We both know New York City quite well. Trish came to New York to attend Columbia University and then built her career and started her family there. Rob was born in Manhattan and likewise studied, lived and worked in the city for decades.
Under the leadership of Rudy Giuliani and then Michael Bloomberg, New York City thrived as the global financial capital of the world. Together, these two mayors built a strong economic foundation for the city out of the wreckage of the 1980s crack epidemic.
Subsequent mayors may have been less talented but at least benefited from a strong hand that was left to them.
Cities, like countries, do not just thrive on their own. Success requires leadership.
Bloomberg leans left on many social issues, but he was relatively tough on crime. In fact, his support for “stop-and-frisk” policing practices helped end his very short-lived bid to become the 2020 Democrat Presidential candidate.
Bloomberg also deserves credit for several smart moves to develop New York economically and catalyze the city’s transformation into a major technology hub.
As an entrepreneur, Bloomberg sat at the intersection of finance and technology. He built from scratch what would become the world’s most important and relied upon financial information provider.

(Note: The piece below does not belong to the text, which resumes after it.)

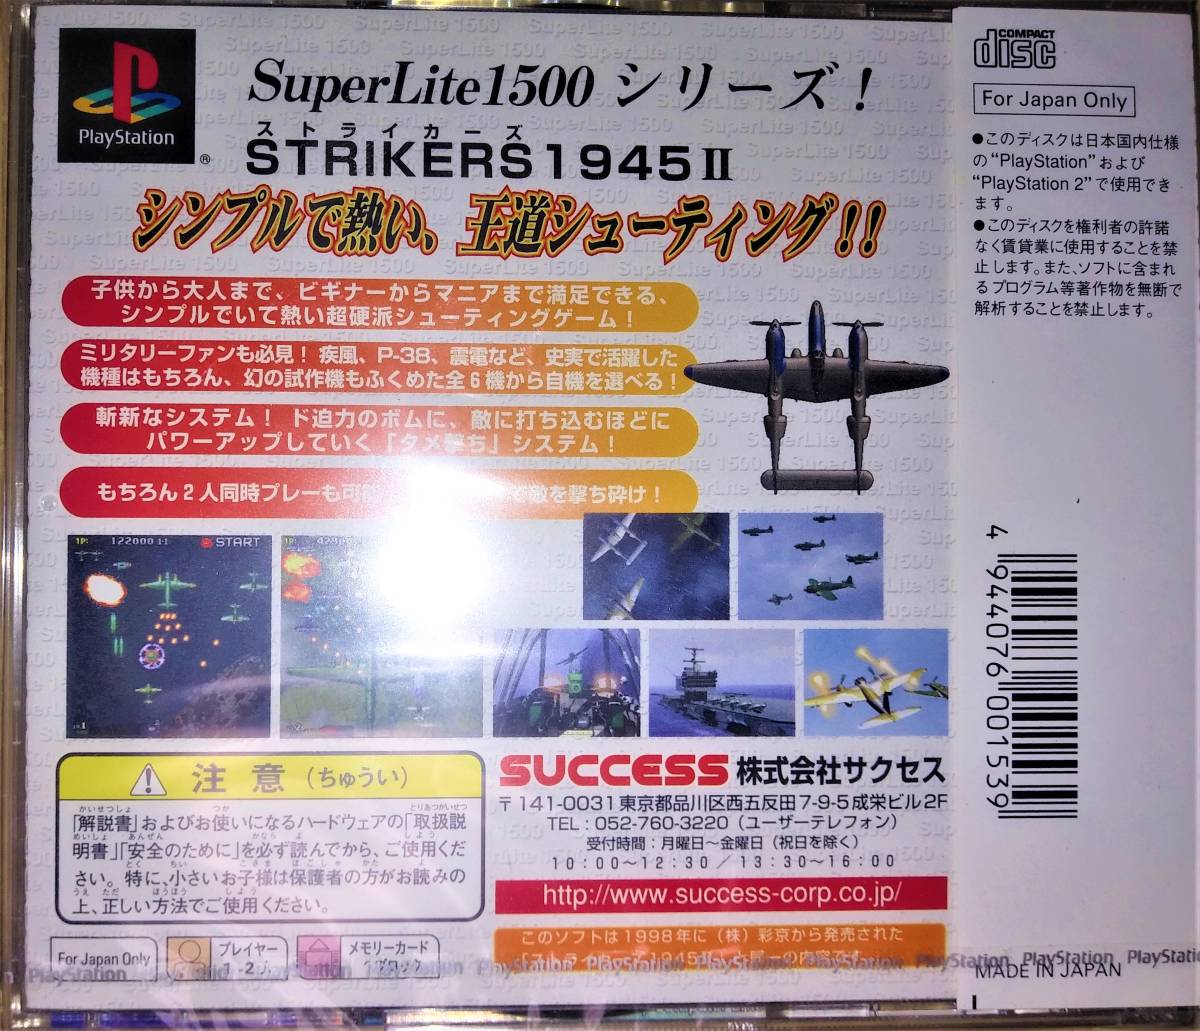 【新品未開封】PS プレイステーション SuperLite1500シリーズ ストライカーズ 1945II 彩京_画像2
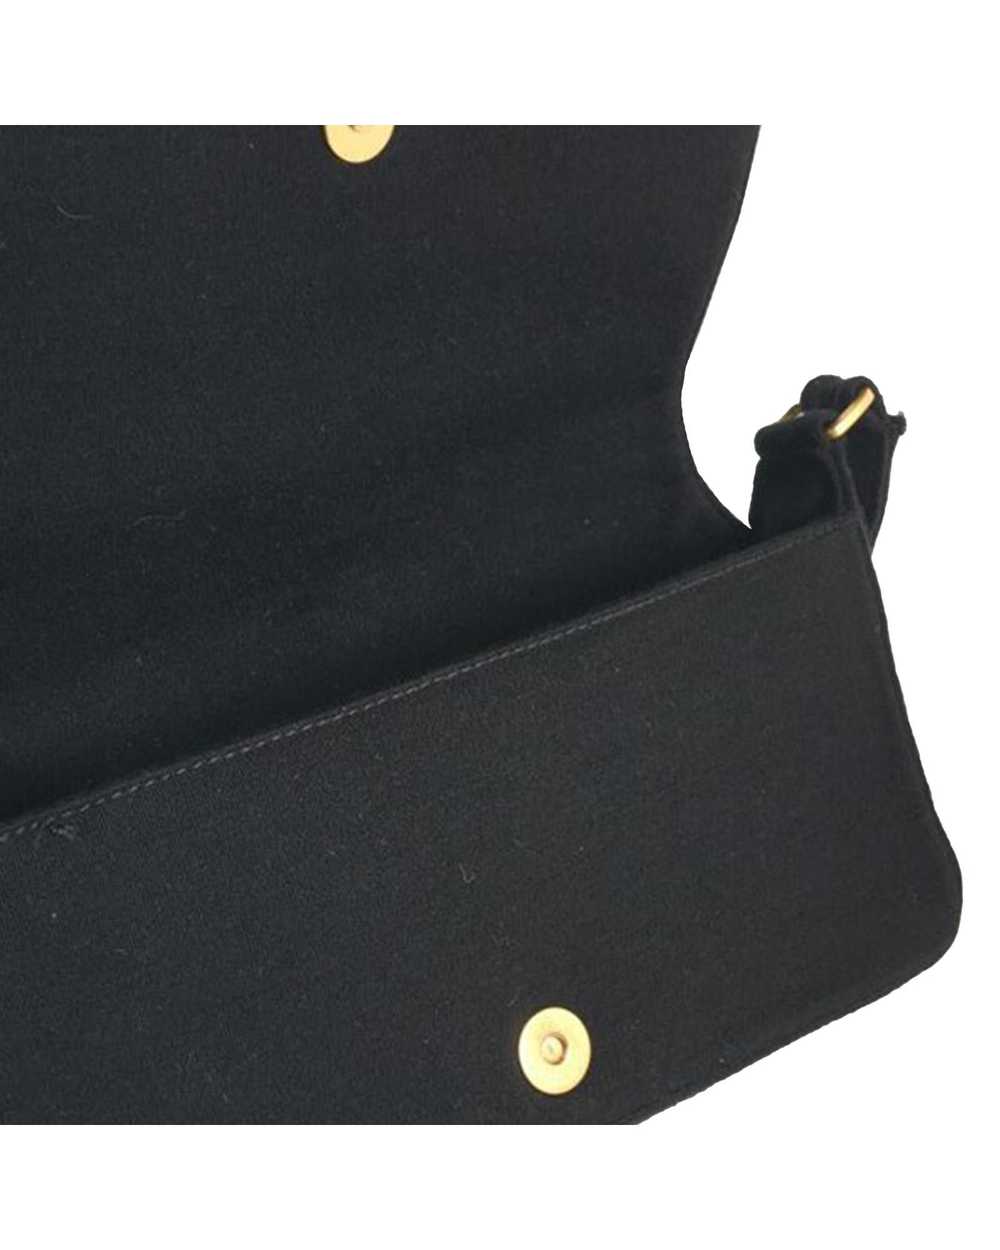 Chanel Chocolate Bar Flap Shoulder Bag - image 7

Thanks in no small part to various initiatives of his administration, leading tech companies—including Meta, Amazon, Microsoft, IBM, Shopify, and TikTok—established a large presence in the city. In the venture capital industry, New York now ranks second in the United States, trailing only Silicon Valley.
After the Global Financial Crisis, Bloomberg concluded that New York was too dependent on finance and wanted to build a stronger engineering and innovation economy.
In 2010, his administration launched the Applied Sciences NYC competition, offering Roosevelt Island land and $100 million in city funding to a university willing to build a new applied tech campus.
Cornell University, partnering with Technion-Israel Institute of Technology, won the bid to build a campus on Roosevelt Island. Bloomberg personally championed the project through rezoning, permitting, and financing decisions.
Cornell Tech opened in 2017. It has since produced thousands of highly trained computer science graduates, playing a role similar to Stanford or Berkeley in the Bay Area. Talent-driven big tech firms have repeatedly cited the institution as a reason that they set up shop in New York.
What’s next for NYC?
A newly elected mayor who cares about economic growth should be excited to inherit an asset as valuable as Cornell Tech. But Zohran Mamdani (who founded the Students for Justice in Palestine chapter at Bowdoin College, from which he graduated in 2014, a year after Bloomberg’s final term ended) has different priorities.
“There are ways to make what seems to be an international battle into a local one,” Mamdani said in 2020. “If you were to look at the lens of BDS [Boycott, Divestment and Sanctions] and how it applies here in New York City, you would say that Cornell-Technion is something you would be talking about.”
“Technion University is an Israeli University that has helped to develop a lot of weapons technology used by the IDF [Israel Defense Force],” he warned.
Mamdani has since stated that he intends to reassess the city’s commitment to Cornell Tech if elected, drawing from the BDS playbook of using political power to penalize Israel economically.
The Cornell Tech initiative is not the lynchpin of the New York City economy, but Mamdani’s hostility to it exemplifies his mindset. This is one of many positions held by Mamdani that have the potential to erode New York’s attractiveness as a destination for employers.
The anti-Bloomberg
If mayors like Giuliani and Bloomberg were committed to making New York an economic success story, Mamdani’s policy plans seem purpose-built for turning it into a disaster zone.
Consider his plans to change corporate tax rates. Mamdani wants to bring the highest marginal rates on corporate income up from an already high 7.25% to 11.5%, giving firms an immediate financial incentive to relocate.
Perhaps the most important variable that companies consider when setting up shop or expanding in a particular location is, will prospective employees want to live here?
People tend to think that companies lease fancy office space to impress customers or investors, but the main priority—as any major office landlord will tell you—is to attract workers.
Who wants to work in an inconveniently located office with no amenities, bad views, outdated fixtures and broken elevators?
The same logic applies to the city in which these offices are located. There is no point in leasing office space in a city this is unappealing to potential workers.
Mamdani intends to raise the marginal income tax rate by 2% on the city’s highest earners. This would make marginal individual income tax rates by far the highest in the U.S.